Giraud Nicolas, Blackledge Martin, Böckmann Anja, Emsley Lyndon
Laboratoire de Chimie (UMR 5182 CNRS/ENS Lyon), Ecole Normale Supérieure de Lyon, Lyon, France.
J Magn Reson. 2007 Jan;184(1):51-61. doi: 10.1016/j.jmr.2006.09.015. Epub 2006 Oct 9.

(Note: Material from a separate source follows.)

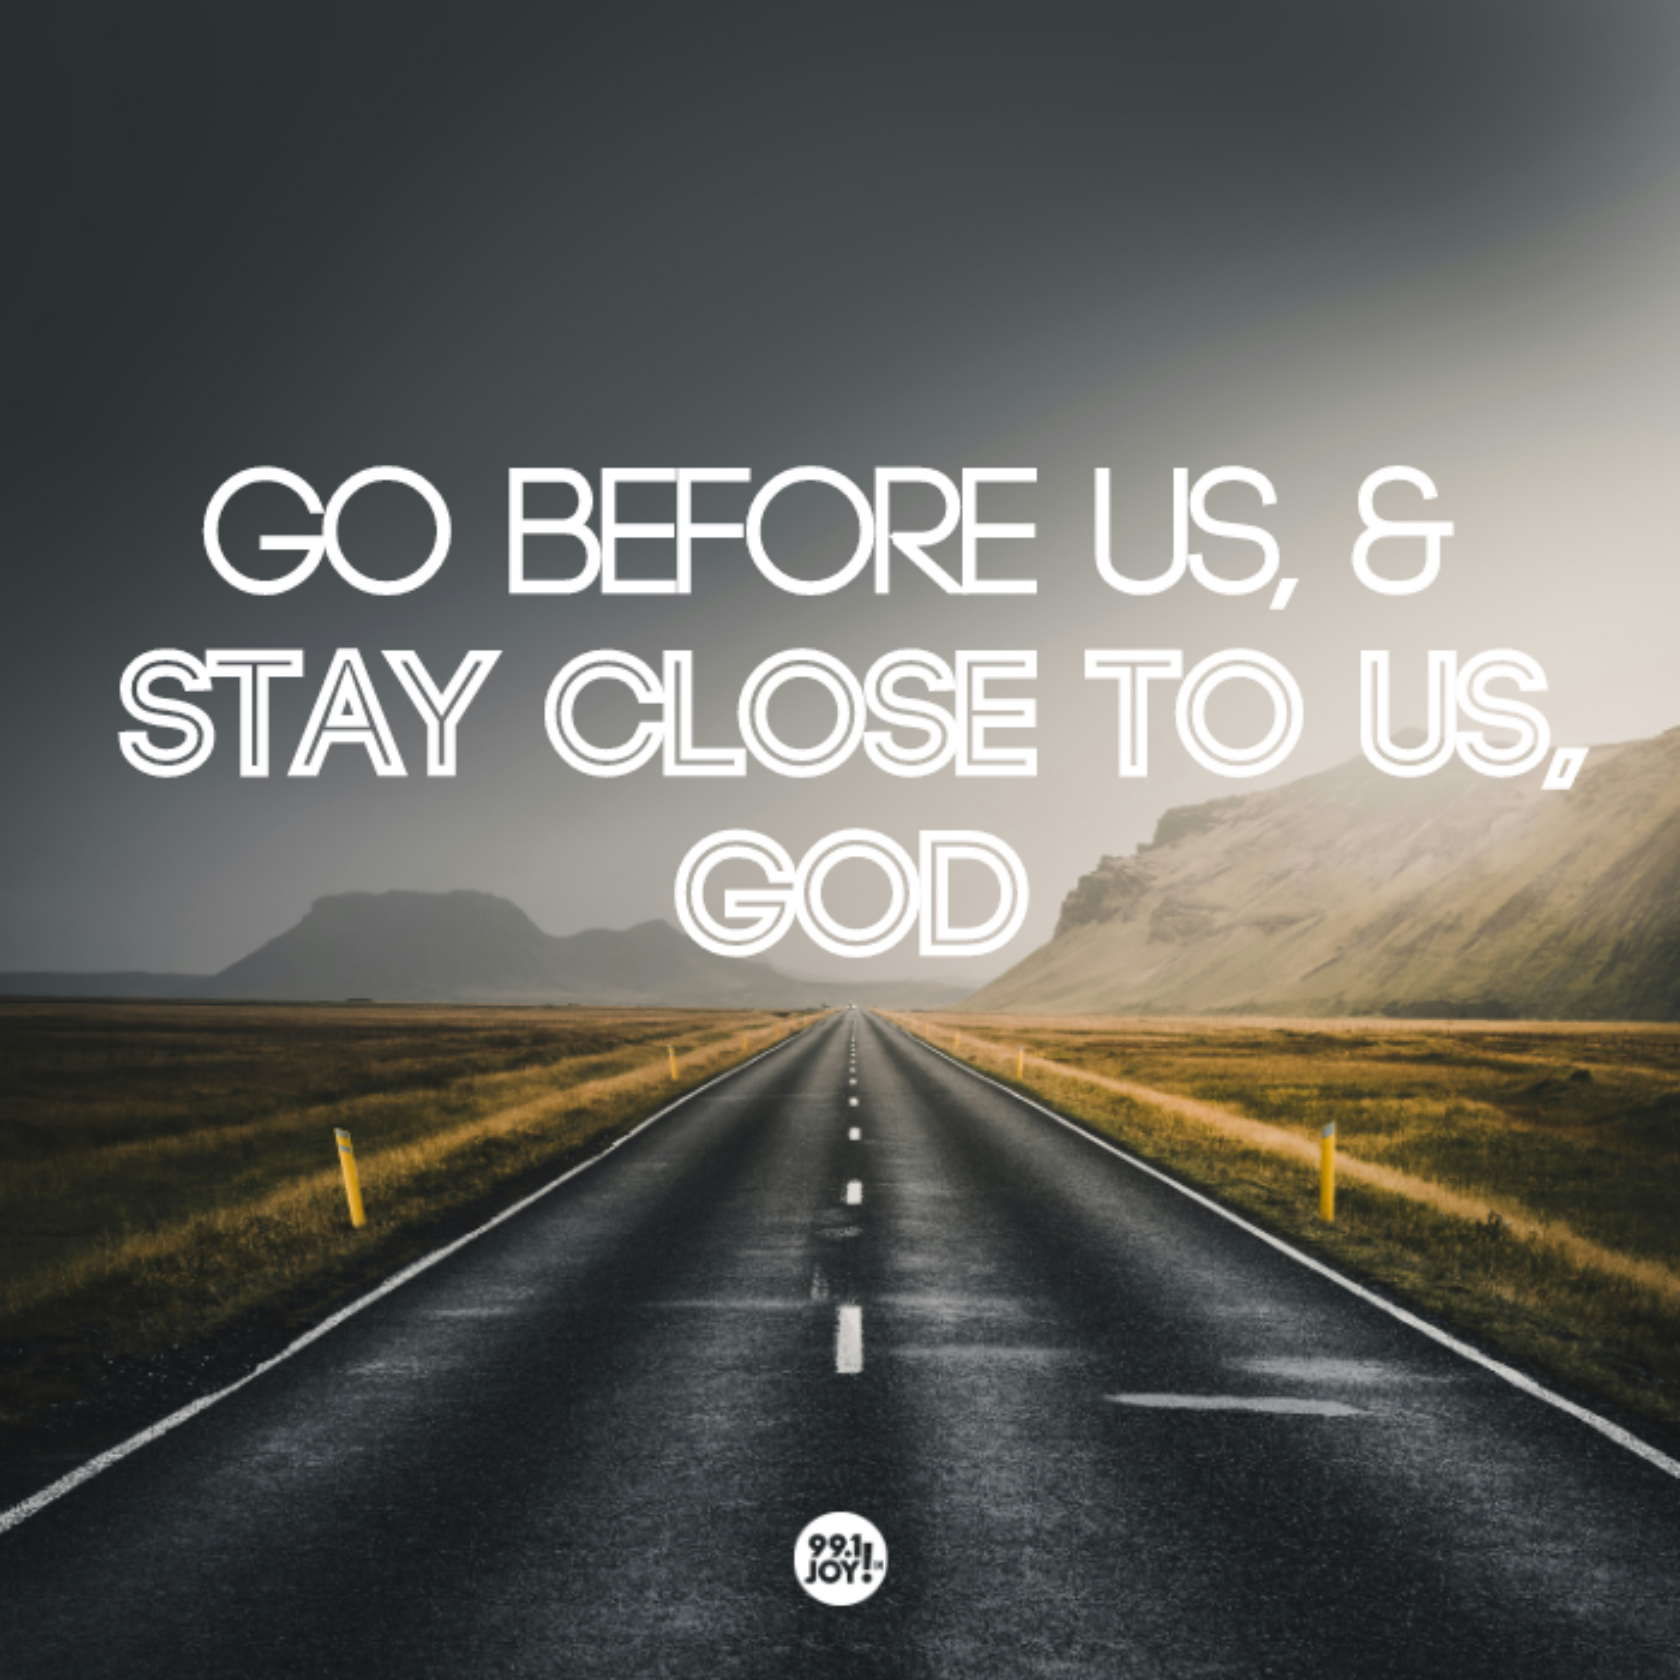 Go Before Us, and Stay Close To Us, God.

The effect of nitrogen-15 proton-driven spin diffusion on quantitative (15)N T(1) measurements in solid proteins is investigated, and the impact on the measurement of dynamic parameters is assessed. A simple model of exchange between neighboring nitrogens is used to reproduce the evolution of (15)N spin systems whose longitudinal relaxation rates and exchange rates are compatible with experimental measurements. We show that the induced error in the measured T(1) and its effect on the determination of dynamics parameters is likely to be less than the current experimental error. The use of deuterated protein samples is shown to have a small but sometimes visible effect, and may also considerably slow down or even suppress the exchange of magnetization due to spin diffusion.
研究了氮-15质子驱动的自旋扩散对固体蛋白质中定量(15)N T(1)测量的影响,并评估了其对动力学参数测量的影响。使用相邻氮之间交换的简单模型来再现(15)N自旋系统的演化,其纵向弛豫率和交换率与实验测量值相符。我们表明,测量的T(1)中引入的误差及其对动力学参数测定的影响可能小于当前的实验误差。结果表明,使用氘代蛋白质样品有微小但有时可见的影响,并且还可能显著减慢甚至抑制由于自旋扩散引起的磁化交换。